One of the Seasearch targets in recent years has been to record the ups and downs of the crawish (or crayfish or spiny lobster) population. It is a priority species for conservation in the UK because of the decline in recent years due to overfishing. Seasearch records show a dramatic increase in sightings in south-west England in 2014 and 2015 and we have contined to see them regularly in 2016. This picture is by Bee Nuttall from Hand Deeps which we dived in beautiful pre-bloom visibility on 23rd April.

We want you records of crawfish sightings wherever you see them.
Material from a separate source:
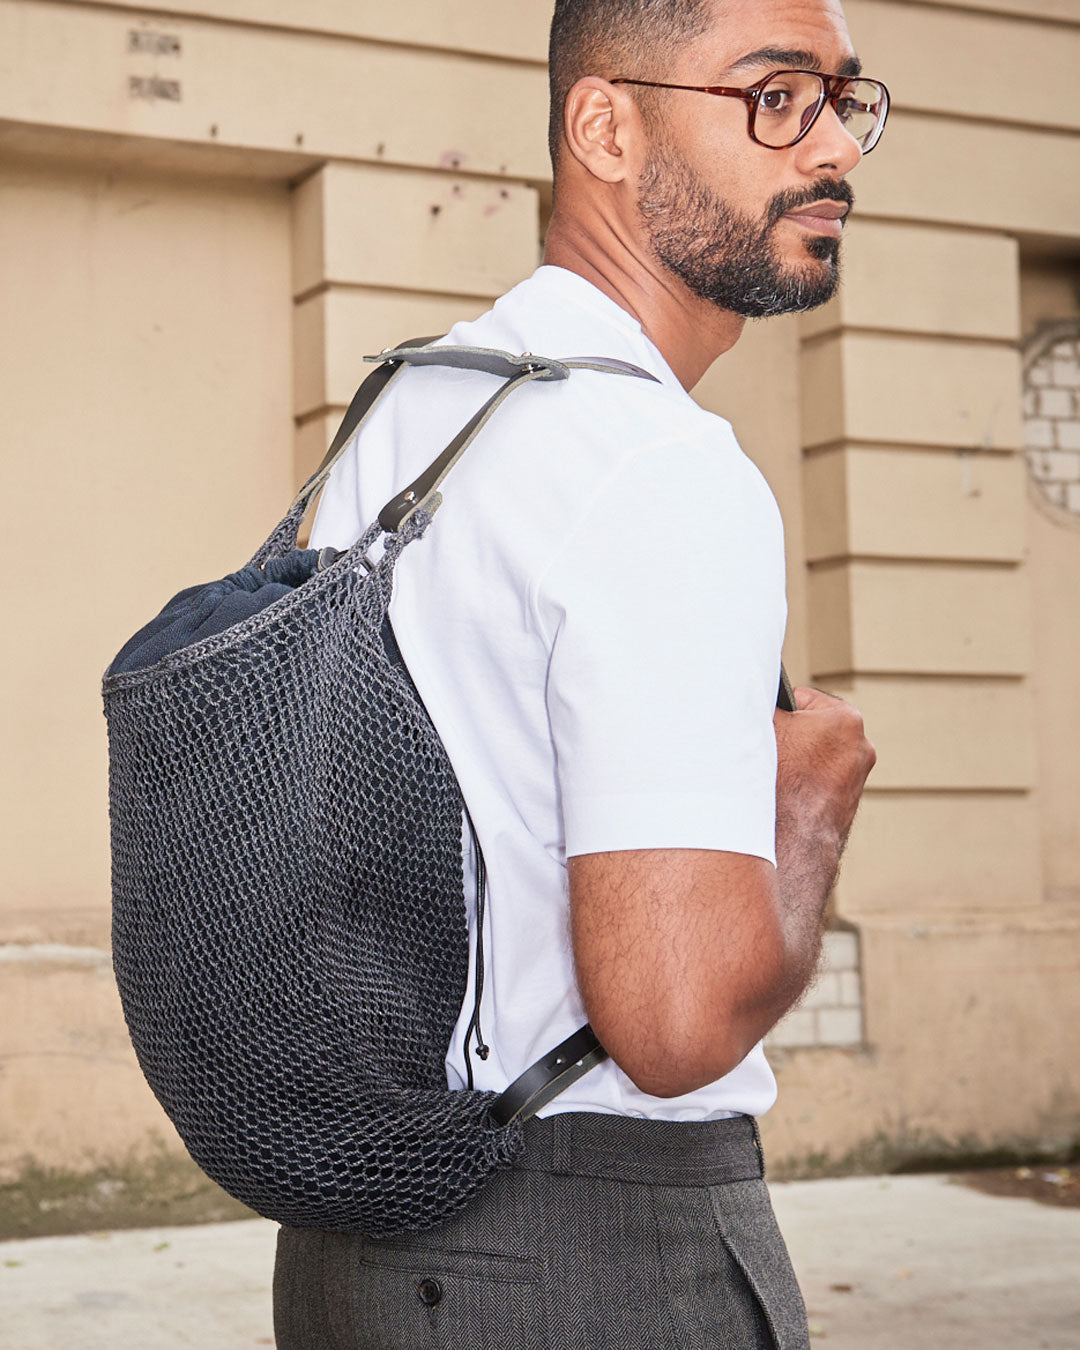 The Rucksack (two-in-one)

They can be included on your Seasearch form of course, but if you aren't intending to complete one for the dive you can record just the crawfish on our online system here

 

 

Seasearch Responds to Northern Ireland MCZ Consultation

Seasearch and MCS have responded to the Northern Ireland MCZ consultation. We have welcomed the proposed sites but do not feel they, together with existing MPAs, make up an ecologically coherent network. The 4 sites are Rathlin (where we have carried out many Seasearch Surveys), Waterfoot (where Seasearch proposed the MCZ to protect the largest seagrass bed in Northern Ireland), Outer Belfast Lough and Carlingford Lough. We have offered Seasearch volunteer expertise to assist with the suveillance of the sites. Thanks to Claire Goodwin for preparing the response which you can see on the Achievements page.

 

Seasearch 2015 Data tops 1,400 forms

Seasearch is all about collecting and making data available for conservation. We had 1,442 forms submitted from divies in 2015 and the map shows where they came from. 51% of them (740 forms) were Observation Forms, 46% (660) were Survey Forms, and 3% (42) were crawfish, sea fan or horse mussel records.

52% (753) of the forms came from sites in England, 21% (292) from Scotland, 11% (152) from Wales, 7% (102) from the Channel Islands, 7% from Ireland (97), and 2% from the Isle of Man (33).

Thanks to all of the 250+ volunteer recorders.

All of the 2015 data has been entered into Marine Recorder and checked. The species datasets on the National Biodiversity Network (NBN) have already been updated and are available for everybody to use. We are also be distributing the data to the Statutory Conservation Bodies in England, Wales, Scotland, Northern Ireland and the Isle of Man, to the Joint Nature Conservation Committee, and the Irish data to the Irish National Biodiveristy Centre.

Written reports for many areas are now being produced and are uploaded to the Achievements page as soon as they are ready. The latest are from Kent and Devon.